Au contraire, les simulations expérimentales permettent de bien fixer les conditions d'étude et donc d'étudier les différents facteurs d'influence un par un afin de trouver des relations reliant ces paramètres à la solubilité. Cependant, un tel système simulant la goutte d'eau implique de travailler à l'équilibre puisqu'il est impossible de régler l'intervention de la précipitation des espèces à saturation. Par là même, c'est la thermodynamique qui contrôle alors le transfert de masse dans ces systèmes. Toutefois, on a vu dans le cas des simulations expérimentales menées sur l'altération des roches en système ouvert qu'il est possible d'être à l'état quasi-stationnaire et donc de faire une distinction entre les différentes étapes de la dissolution.

Par conséquent, pour atteindre les objectifs fixés dans cette étude, j'ai fait le choix de mener une étude de dissolution d'aérosols en phase aqueuse en circuit ouvert afin de travailler hors équilibre et de suivre exclusivement la dissolution.

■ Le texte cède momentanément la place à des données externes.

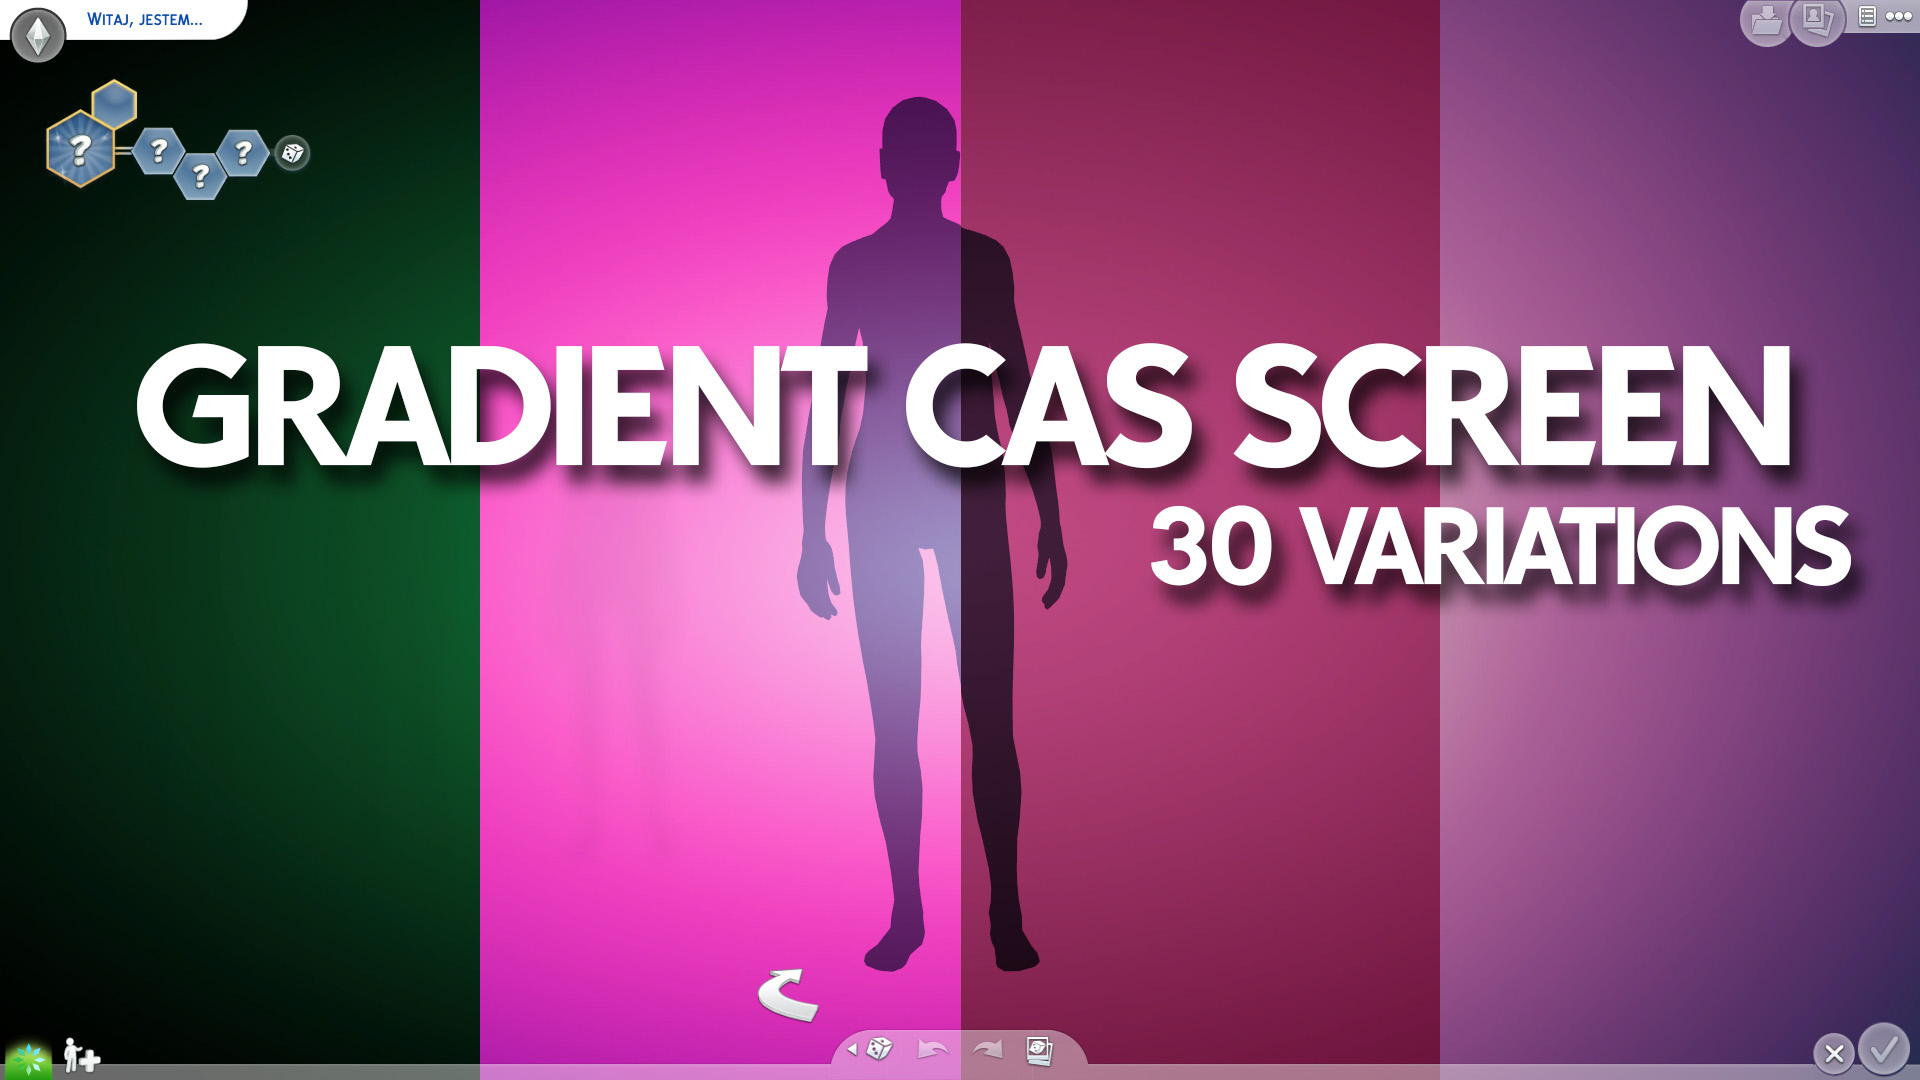 Mod The Sims - Gradient CAS Screen

Cette idée de travailler en circuit ouvert constitue toute l'originalité de ce travail puisque jusqu'à maintenant aucune recherche de ce type n'a été menée dans le domaine atmosphérique. En effet, il ne s'agit pas ici de simuler strictement ce qui se passe en réalité pour le comprendre, mais de séparer la complexité du réel en diverses étapes dont chacune sera étudiée en détail d'un point de vue mécanistique et cinétique.

Cette étude étant la première du genre dans le domaine atmosphérique, il a fallu dans un premier temps adapter au contexte atmosphérique le concept de réacteur de dissolution utilisé dans les études d'altération des roches, puis vérifier son adéquation avec le but fixé. En deuxième lieu, nous nous sommes intéressés plus particulièrement à chaque facteur d'influence afin de définir les paramètres cinétiques les reliant au processus de dissolution. Nous avons enfin utilisé ces données dans la recherche d'un mécanisme complet pouvant expliquer ce processus.